Figure 6 compares the results of the ISODATA technique with those of the ANN. As shown in this figure the lesion areas in the ISODATA maps are clustered to different signatures (1–12). Signatures range between one (corresponding to normal tissue) to twelve (corresponding to CSF or cavitated tissue). While the ANN demonstrates a continuous map for the status of the tissue at risk in the lesion area, the ISODATA shows just a few indices related to tissue recovery after three months. Both techniques are in agreement in the CSF area or dead tissue.
Using a relatively small set of acute-phase MR images, an ANN was trained and tested to directly predict the size and pattern of the eventual tissue damage, as judged by T2WI at the chronic stage of stroke (3 months after stroke onset). Since the predictor produced by the ANN provides a visual estimate of the outcome, such modeling may play an important role in the assessment of therapeutic interventions applied within extended therapeutic windows, currently of great interest in the treatment of stroke.

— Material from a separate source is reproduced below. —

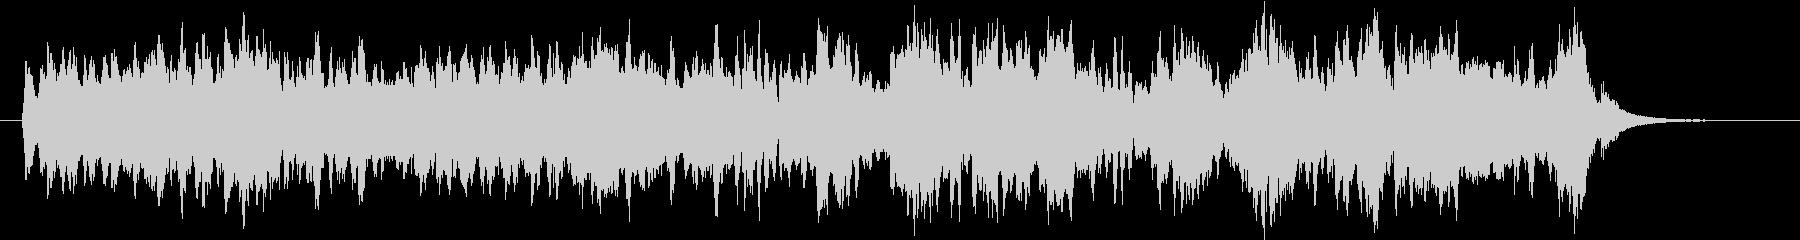 空中庭園(優雅・ソフト)【オーケストラ】の未再生の波形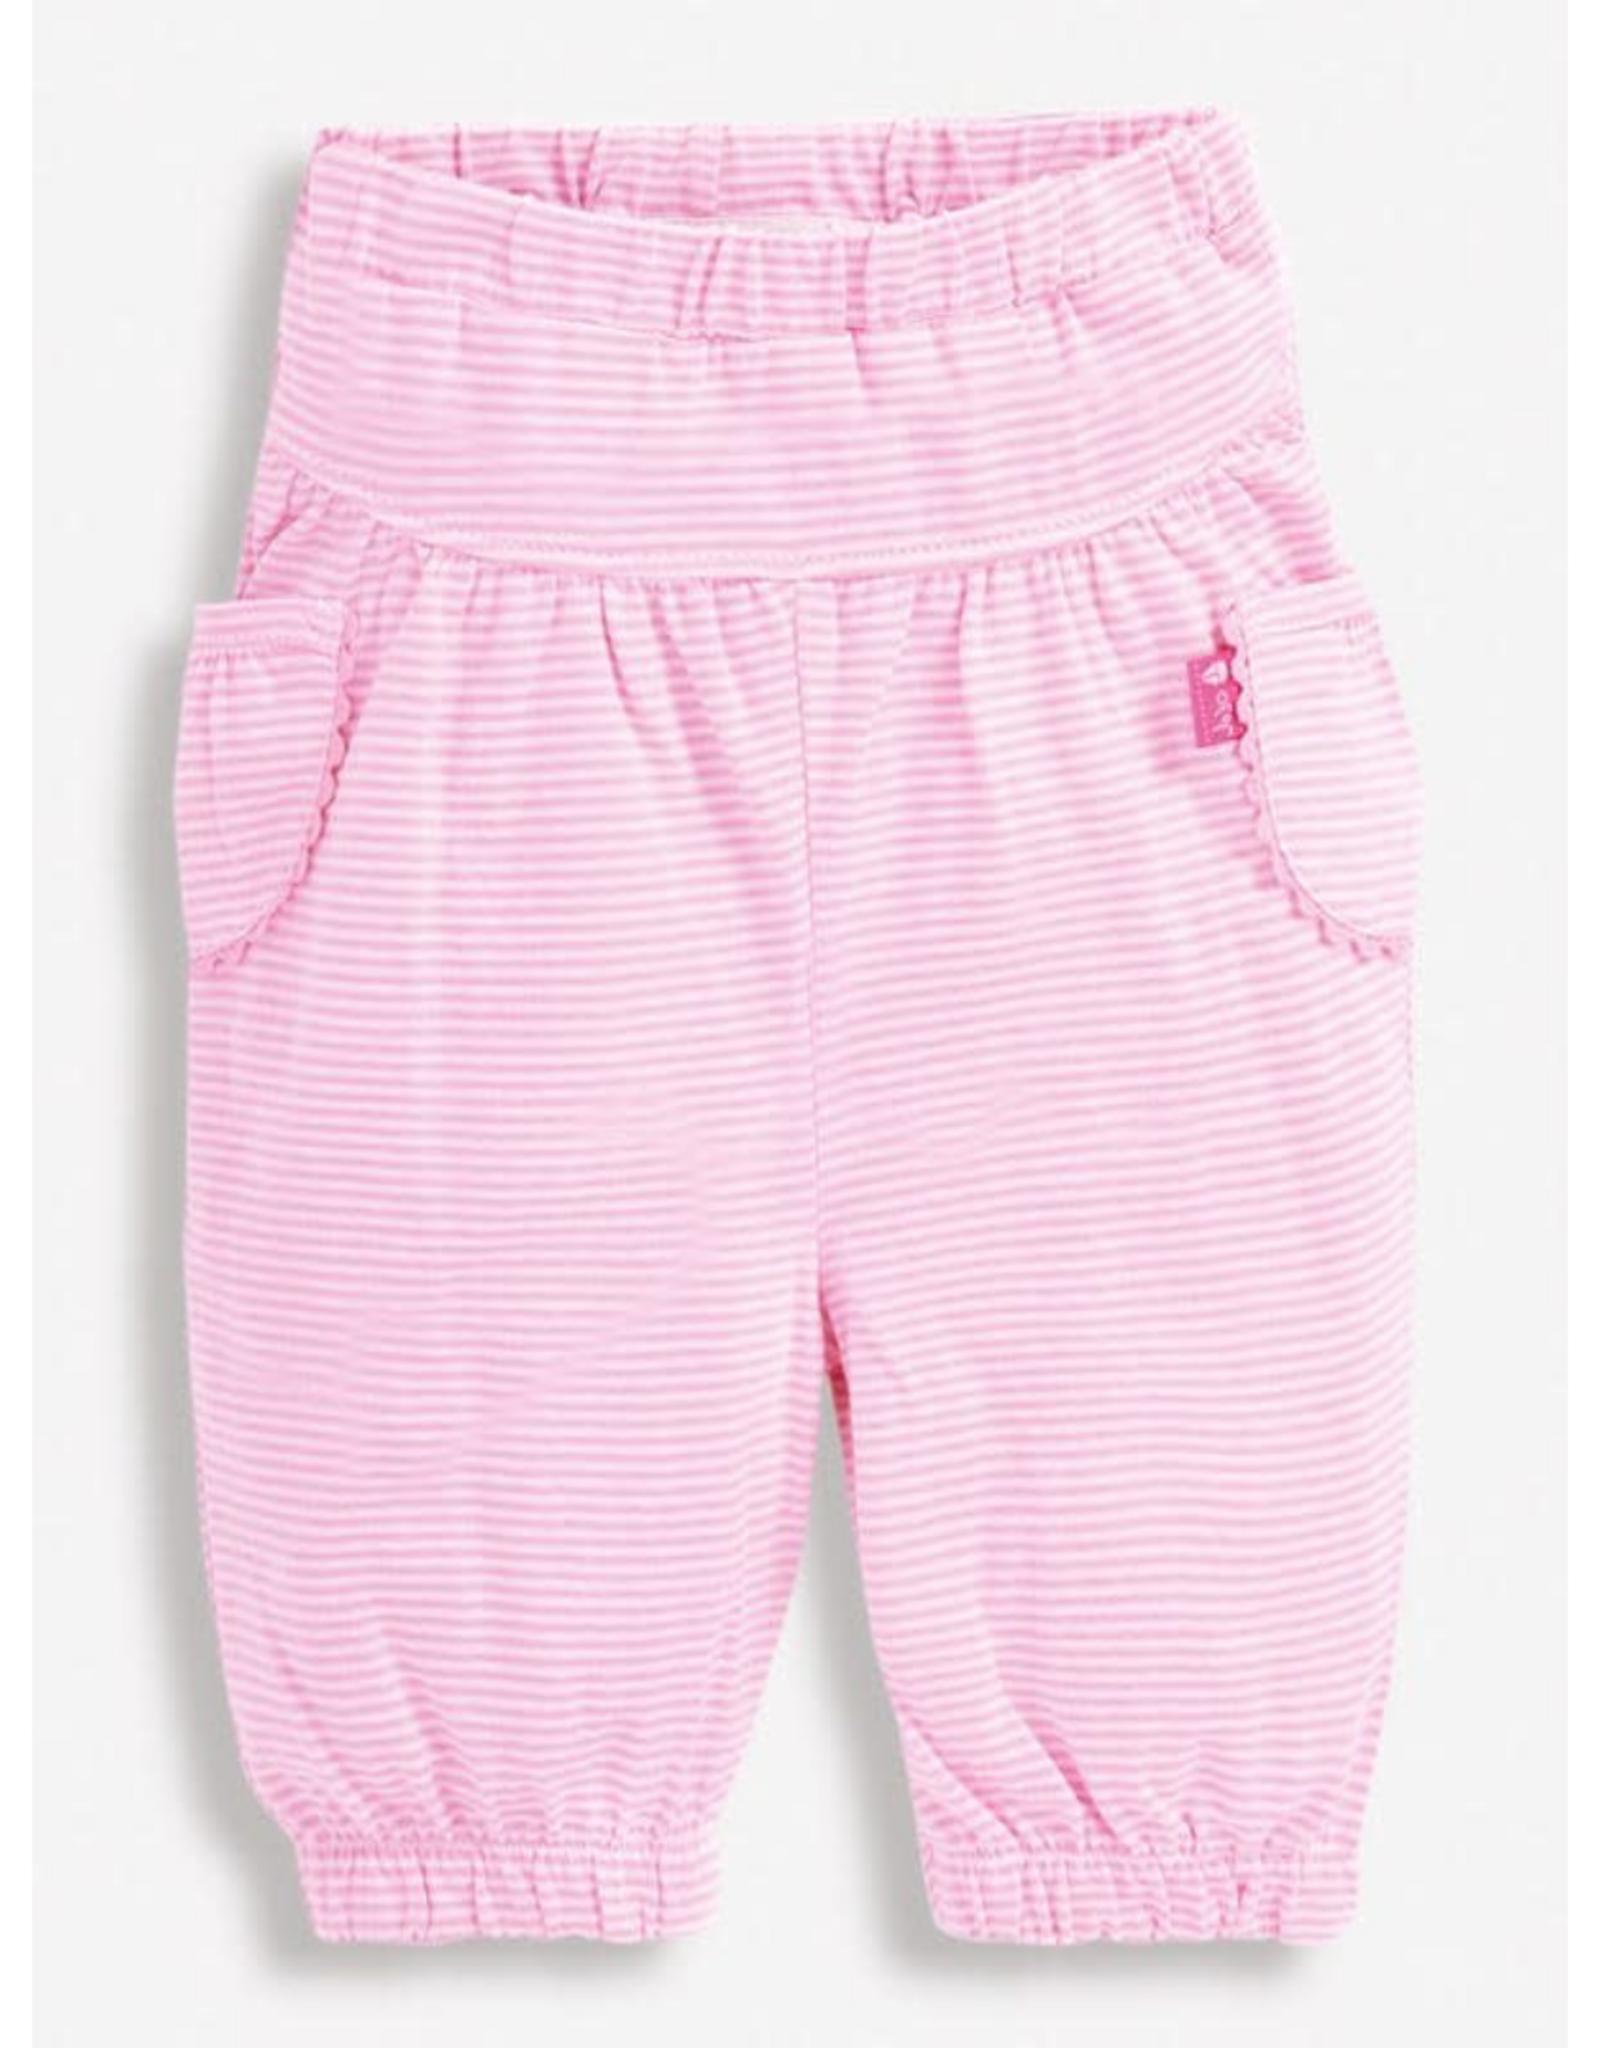 Jojo Baby Trousers, Pink Stripe

It must be noted that the training set was small (12 cases) in the number of patients; that is why the leave-one-out method was used for training and evaluation. However, even this small pilot study demonstrates a robust and sensitive predictor of infarct outcome, and because it can be produced almost as quickly as the image sets emerge from the MRI scanner, this approach shows great potential as a tool that may eventually influence clinical practice. Although the ANN in this study was trained and validated with a small sample size, the values of the AUROC (0.89), the optimal specificity and sensitivity (0.84 and 0.85), and the average error (0.11) achieved with the leave-one-out technique supports the hypothesis that the ANN can reasonably predict lesions if it is applied to a new dataset.
Since the ANN uses acute-phase information, any processing errors due to mis-registration, image deformation due to edema created by the lesion between different time points, image quality, partial volume effects, image artifacts, and image uniformity are potential sources of errors that can affect ANN results.
The results of the ANN implies that the trained ANN is a robust discriminator between CSF and lesion areas since the intensities of the CSF (dark) and lesion (bright) areas appear oppositely in DW images but the same in the maps predicted by the ANN. However, this might be a problem for the closely located lesions to the CSF areas which can be easily confused in the interpretation phase by means of a non-expert user (not the ANN).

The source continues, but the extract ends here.